Aramco’s annual dividend of $75 billion, the world’s largest, is a crucial source of funding for Saudi Arabia. The government, which owns 98% of the company, is trying to narrow a budget deficit that ballooned last year as energy prices tanked with the spread of the virus.
The results “reflect a strong rebound in worldwide energy demand and we are heading into the second half of 2021 more resilient and more flexible, as the global recovery gains momentum,” Chief Executive Officer Amin Nasser said in a statement on Sunday. “I remain extremely positive about the second half of 2021 and beyond.”
Still, the pandemic is “clearly far from over,” Nasser said later on a call with reporters.
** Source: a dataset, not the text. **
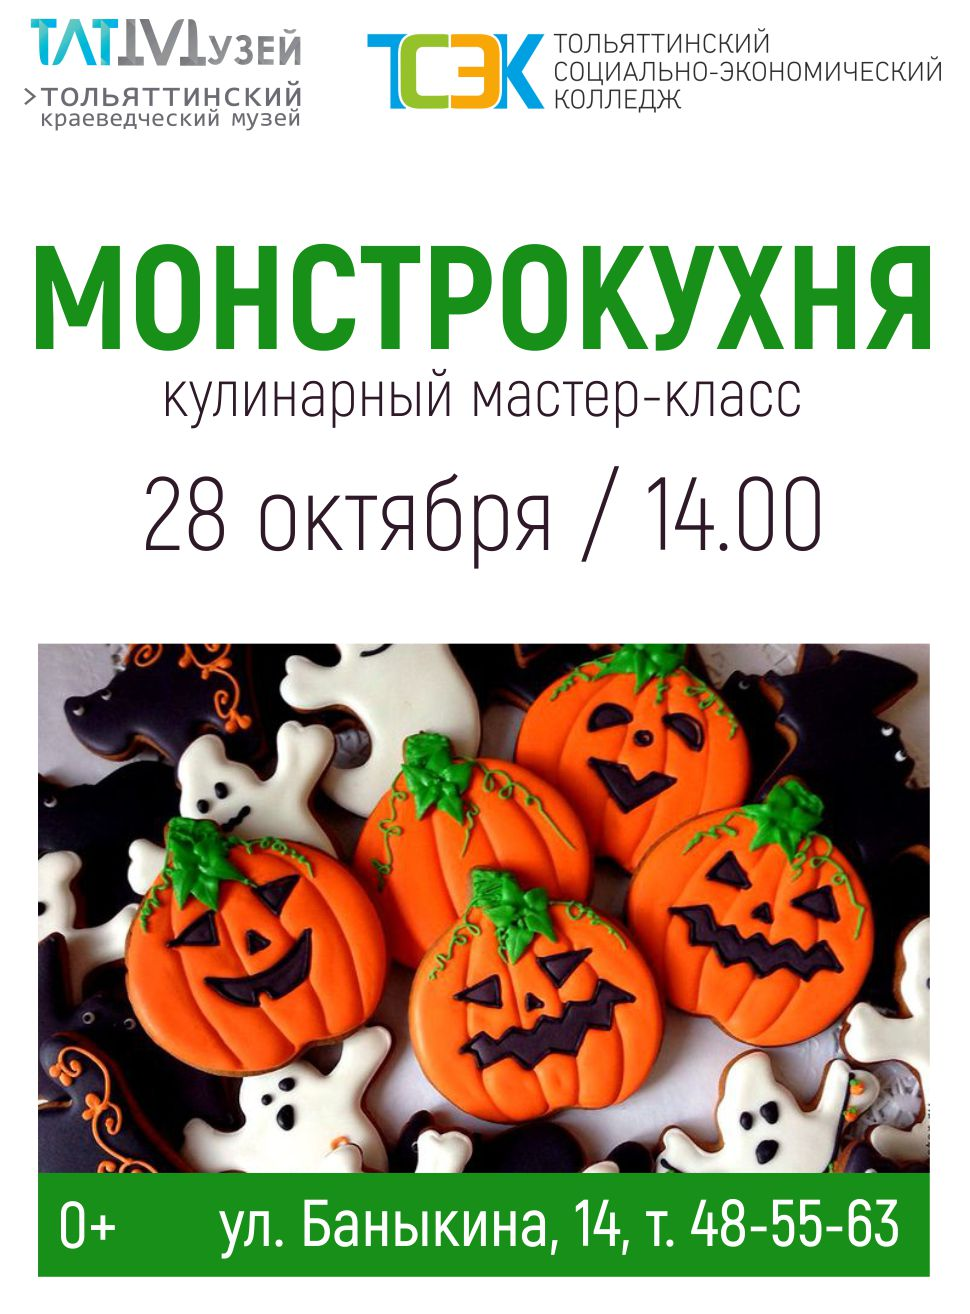 Кулинарный мастер-класс «МОНСТРОКУХНЯ»

Oil just had its worst week since October as the spread of the delta variant, especially in China, clouds the short-term outlook. Brent crude fell 7% to $70.70 a barrel.
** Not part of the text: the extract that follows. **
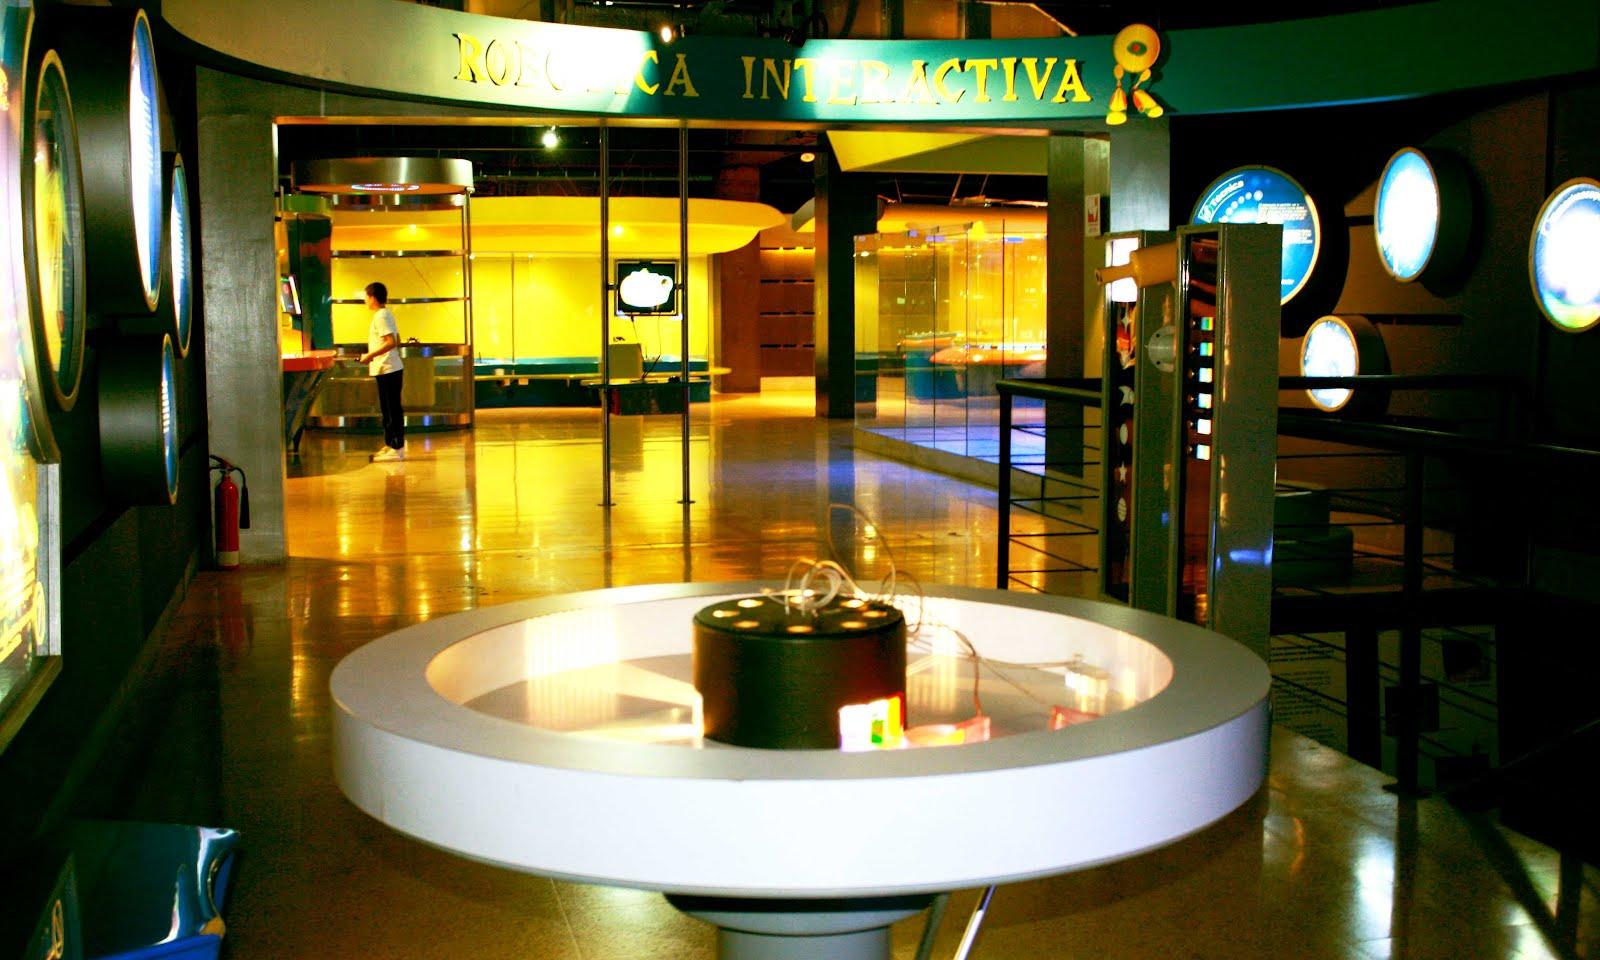 Museos santiago de cali for Abrakadabra salon

Global oil demand remains below pre-Covid levels, but should reach a near-record high of 100 million barrels a day next year, Nasser said.
Aramco’s gearing, a measure of net debt to equity, fell to 19.4% from 23% at the end of 2020, though it remains above management’s preferred cap of 15%. It declined thanks to higher cash flow and the Dhahran-based firm using some proceeds from the sale of a stake in its oil pipelines to pay down debt. In June, Aramco completed the $12.4 billion deal with a consortium led by U.S. group EIG Global Energy Partners LLC.
Capital expenditure was $15.7 billion in the first half of the year and Aramco expects it to be around $35 billion for all of 2021, in line with earlier guidance.
Part of that money will go toward boosting daily crude-production capacity to 13 million barrels from 12 million.
“With less investment that we see from other producers globally, this creates an opportunity,” Nasser said.
At current capex levels and oil prices, most analysts expect Aramco will be able to cover its dividend commitment with free cash flow. Those at Bank of America even suggested the payout needs to be raised for Aramco to stay competitive now Western oil firms are hiking shareholder returns.
“We’ll advise later this year whether we’ll be sticking to the ordinary dividend or doing otherwise,” Ziad al-Murshed, Aramco’s chief financial officer, said on the same call.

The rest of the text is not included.